Любовь цвета боли 2 (СИ) - Жилинская Полина
Прячу улыбку и согласно киваю. Поднимаюсь из-за стола, иду к шкафу. Достаю заготовленные подарочки, раздаю всем присутствующим. Когда вручаю сверток Макару, так же наклоняюсь и шепчу:
— Откроешь завтра, милый.
Заинтригованно взвешивает в руках коробку.
Я долго думала, что подарить человеку, у которого есть всё. Полагаю, подобрала то, что как раз подходит к нашему случаю.
Расходимся, когда уже переваливает за три часа ночи. Макар долго упирается, не желая возвращаться в палату, но я напоминаю о нарушении больничного режима и стращаю, что без зазрения совести выпишу его из отделения прямо ночью.

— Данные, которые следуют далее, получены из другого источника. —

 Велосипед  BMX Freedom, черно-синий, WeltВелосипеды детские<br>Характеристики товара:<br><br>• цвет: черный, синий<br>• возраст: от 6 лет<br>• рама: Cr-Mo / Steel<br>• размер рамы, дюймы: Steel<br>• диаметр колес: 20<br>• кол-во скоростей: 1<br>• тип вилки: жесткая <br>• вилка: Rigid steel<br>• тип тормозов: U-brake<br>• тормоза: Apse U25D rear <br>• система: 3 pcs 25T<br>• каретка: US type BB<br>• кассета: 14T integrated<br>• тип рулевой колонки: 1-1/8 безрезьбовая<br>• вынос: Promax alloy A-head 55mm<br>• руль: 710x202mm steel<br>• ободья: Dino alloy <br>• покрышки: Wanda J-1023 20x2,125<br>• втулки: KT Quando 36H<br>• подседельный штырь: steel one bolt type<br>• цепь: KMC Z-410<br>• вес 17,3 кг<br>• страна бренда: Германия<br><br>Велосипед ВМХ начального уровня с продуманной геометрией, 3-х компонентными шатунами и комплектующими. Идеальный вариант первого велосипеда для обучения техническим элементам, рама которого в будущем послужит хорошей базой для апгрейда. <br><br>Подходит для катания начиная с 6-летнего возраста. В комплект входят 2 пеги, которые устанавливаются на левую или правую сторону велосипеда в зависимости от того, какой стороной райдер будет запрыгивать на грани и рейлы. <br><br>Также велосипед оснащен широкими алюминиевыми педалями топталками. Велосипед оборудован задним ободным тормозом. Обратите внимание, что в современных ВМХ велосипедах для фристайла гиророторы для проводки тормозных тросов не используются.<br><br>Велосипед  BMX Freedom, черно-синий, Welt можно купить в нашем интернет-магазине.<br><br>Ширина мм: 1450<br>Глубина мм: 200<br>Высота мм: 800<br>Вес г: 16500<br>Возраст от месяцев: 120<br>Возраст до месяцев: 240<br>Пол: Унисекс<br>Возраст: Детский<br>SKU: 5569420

И так слухов не оберешься, а если еще и ночевать останется… В общем, с трудом выпроваживаю Макара и ложусь на диван, блаженно вытянув гудящие ноги.
Почти проваливаюсь в дрему, когда кто-то тихо стучит и заходит, не дожидаясь ответа.
— Я на минутку, — видя мой хмурый взгляд, шепчет Макар. — Уточню один момент и уйду, обещаю.
— Уточняй, — киваю миролюбиво, изо всех сил стараясь не улыбаться.
Достает из-за спины книгу и читает вслух название.
— «Одиннадцать типов мужчин, вместо которых лучше завести вибратор». Этот подарок точно предназначался мне? Ну, там мало ли, может, перепутала…
— Не перепутала, — упрямо складываю руки на груди.
— Ага, понятно, — взъерошивает волосы, странно на меня поглядывая. — Пошел я тогда — просвещаться.
— Иди, иди…
Уже у двери оборачивается, смотрит на меня очень красноречиво.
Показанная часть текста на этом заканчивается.